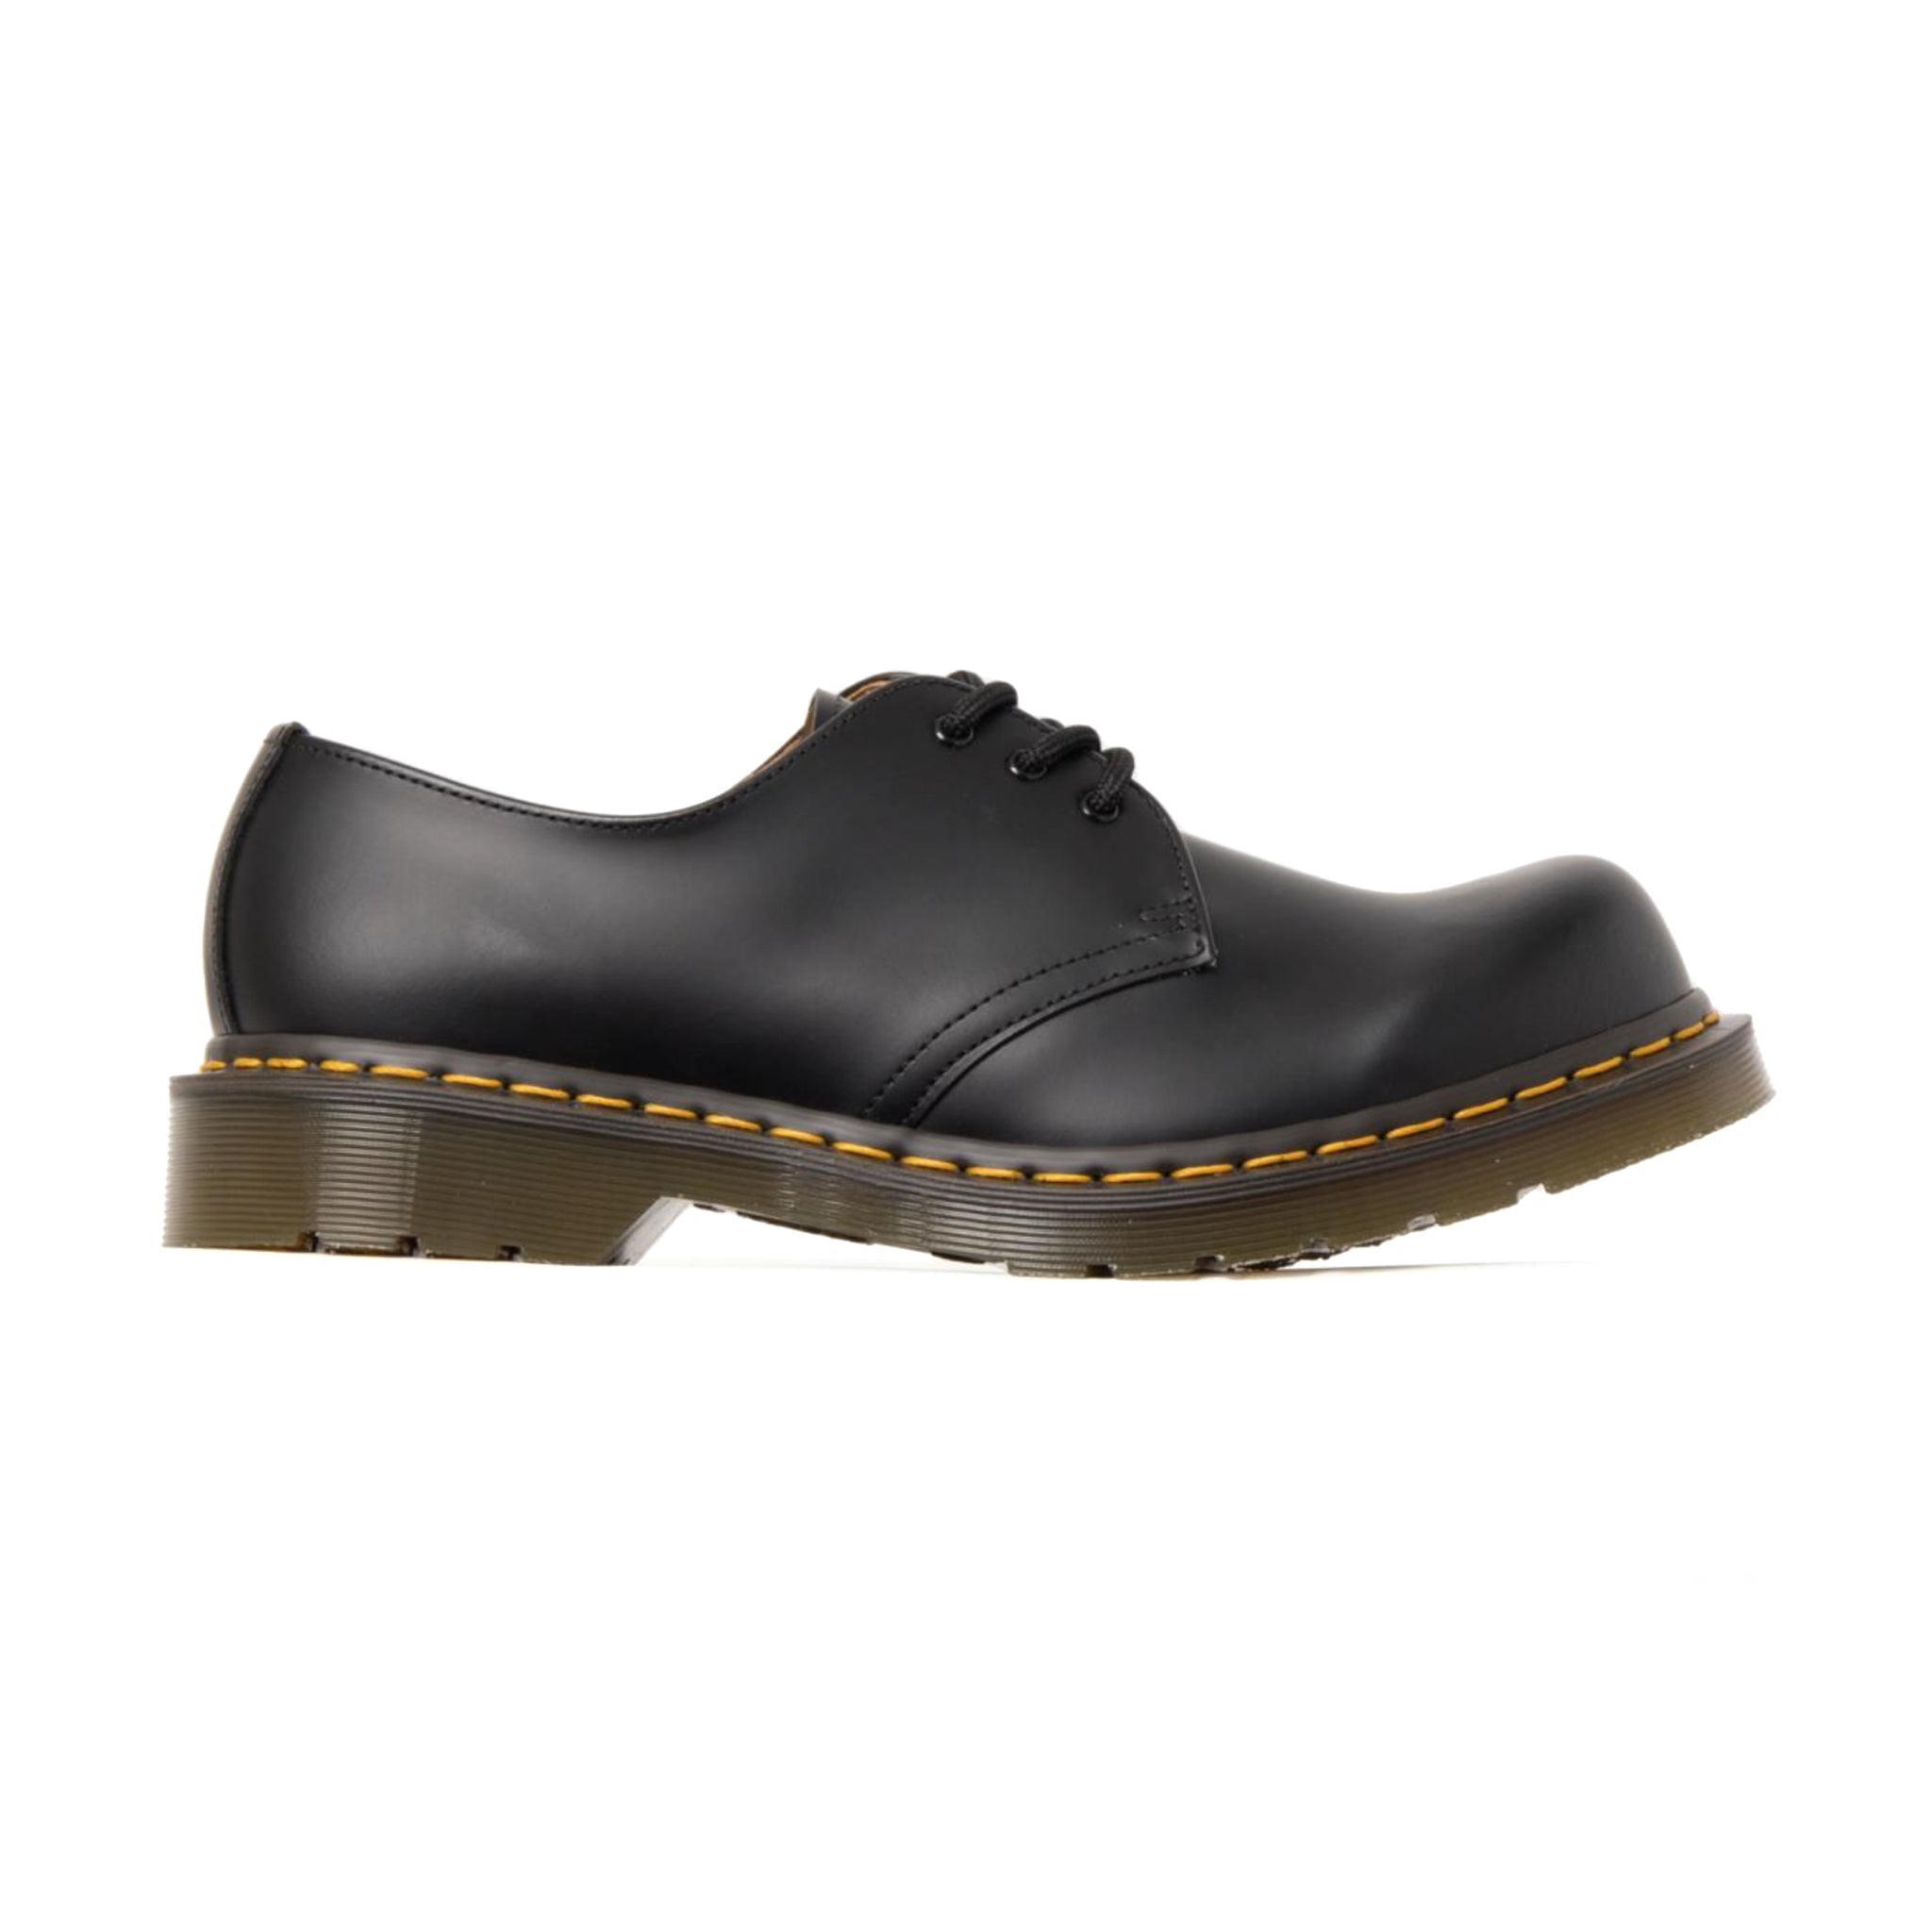 HDTB x Dr Martens Leather Lace Up Black
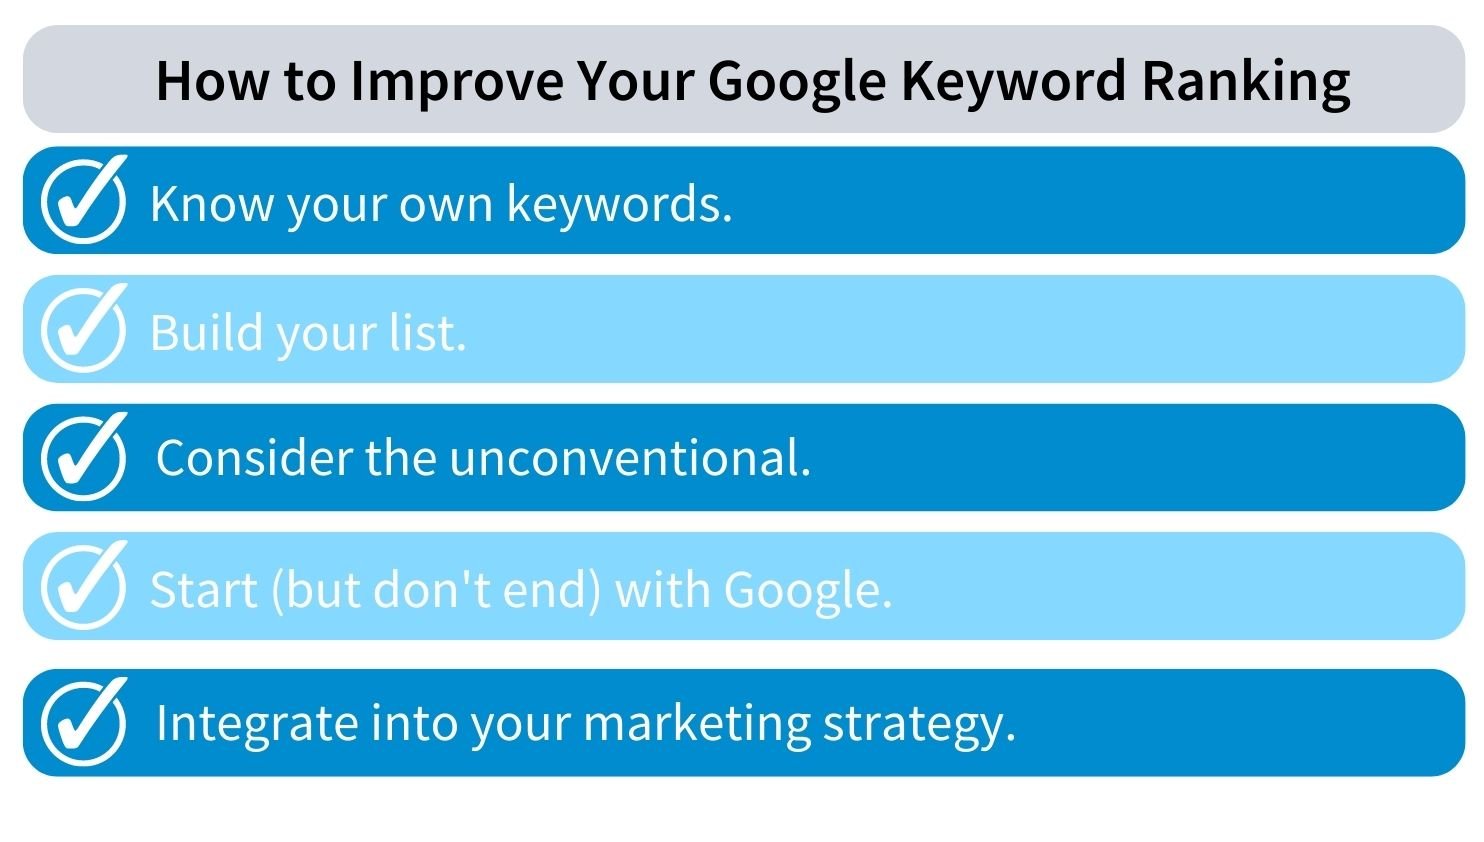 How to improve your Google keyword ranking
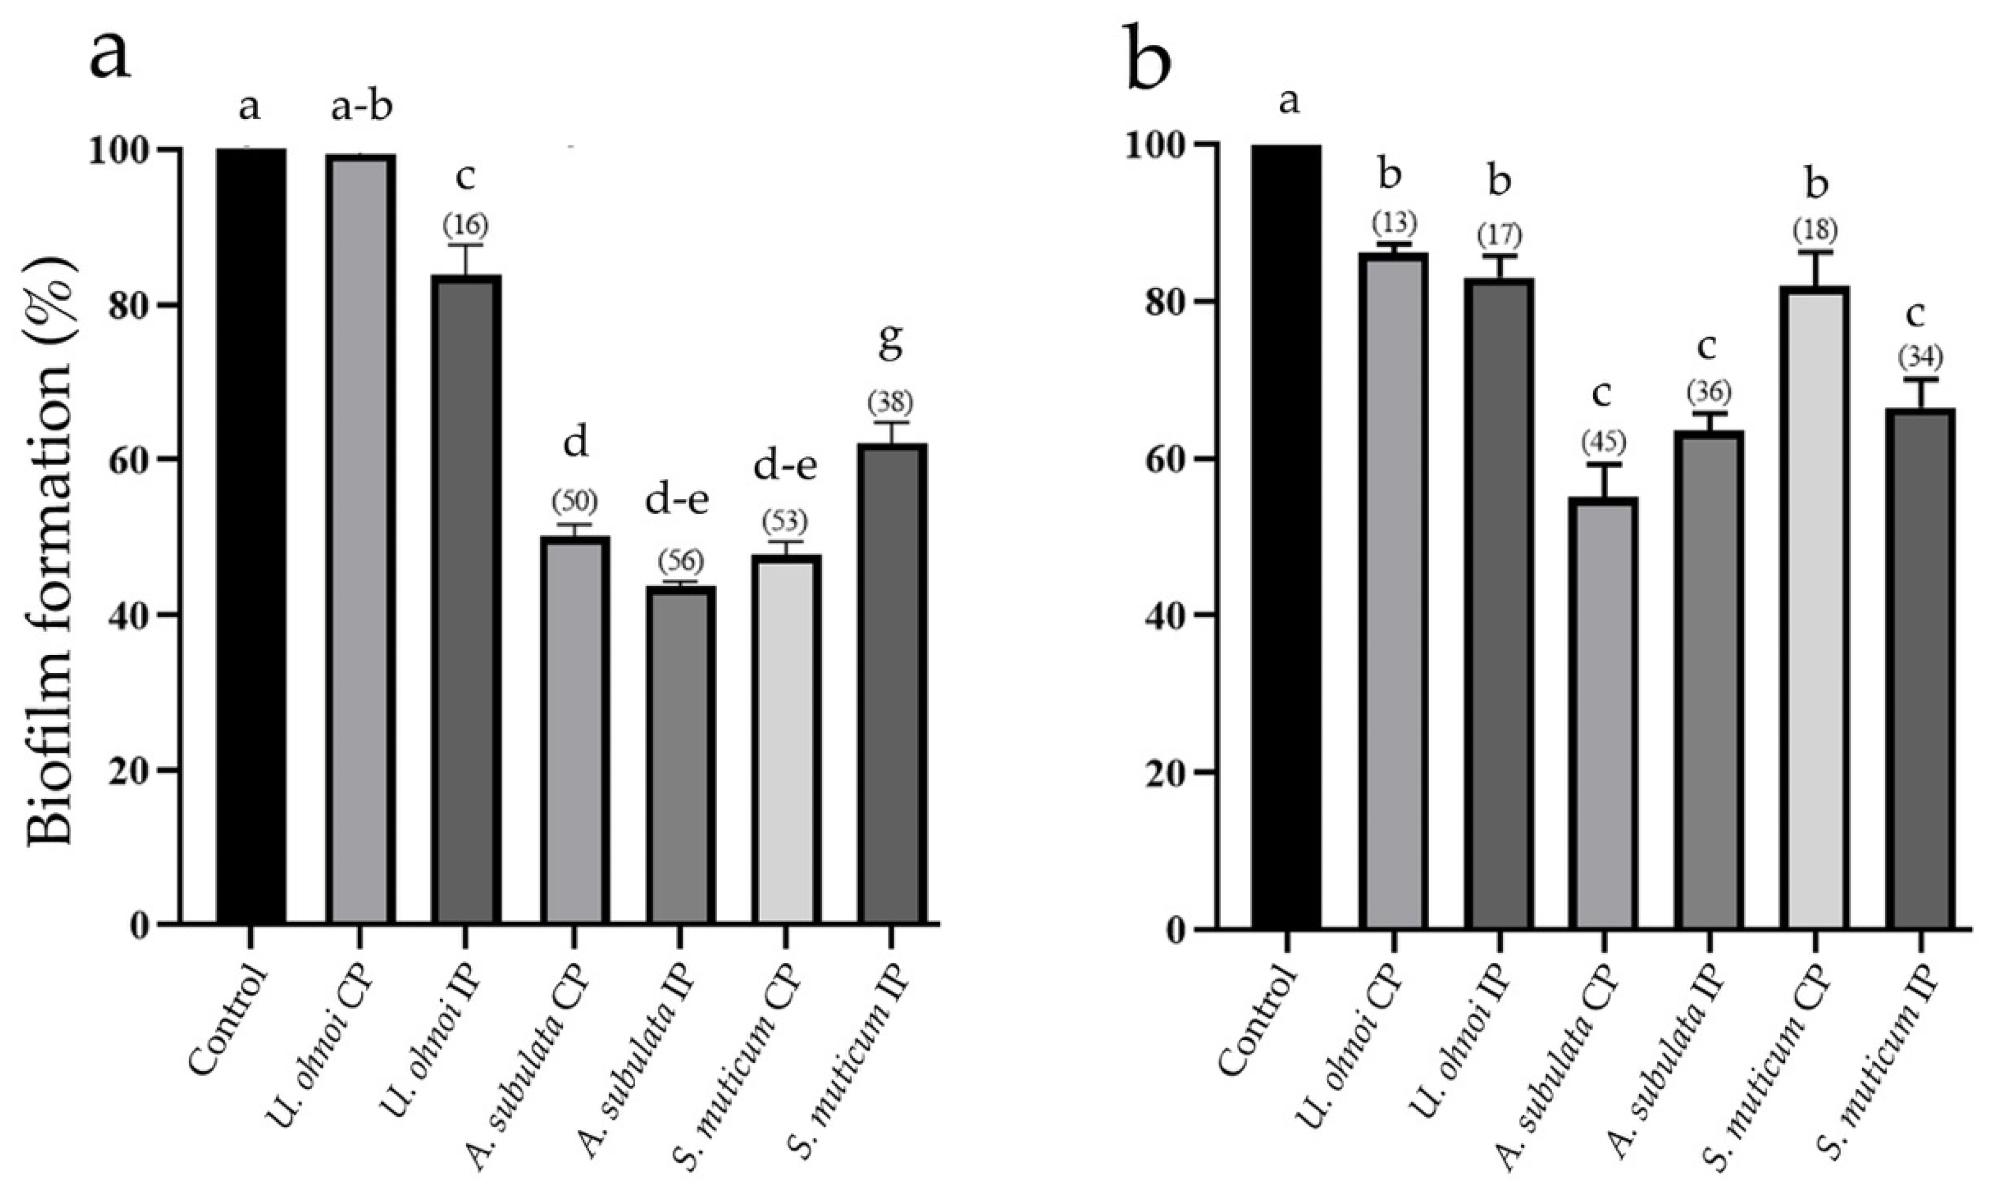 Biofilm formation (%) of (a) Pseudomonas aeruginosa ATCC 27853 and (b) Staphylococcus aureus ATCC 29213 in the absence (control, C) or in the presence of the crude extract from Ulva ohnoi, Agardhiella subulata and Sargassum muticum (400 µg mL-1 w/v) obtained using the traditional (CP) and innovative (IP) extraction methods. Data represent mean ± SD for six replicates (n = 6). The lowercase letters above the bars denote groups that were found to be significantly different after ANOVA followed by Tukey test. In brackets are data on biofilm reduction as a percentage.

*WHAT THE EXERCISE ASKS*.
All of the listing above has to be reproduced exactly, though without its images.

*WRITTEN RESPONSE*.
 HDTB x Dr Martens Leather Lace Up Black
 How to improve your Google keyword ranking
 Biofilm formation (%) of (a) Pseudomonas aeruginosa ATCC 27853 and (b) Staphylococcus aureus ATCC 29213 in the absence (control, C) or in the presence of the crude extract from Ulva ohnoi, Agardhiella subulata and Sargassum muticum (400 µg mL-1 w/v) obtained using the traditional (CP) and innovative (IP) extraction methods. Data represent mean ± SD for six replicates (n = 6). The lowercase letters above the bars denote groups that were found to be significantly different after ANOVA followed by Tukey test. In brackets are data on biofilm reduction as a percentage.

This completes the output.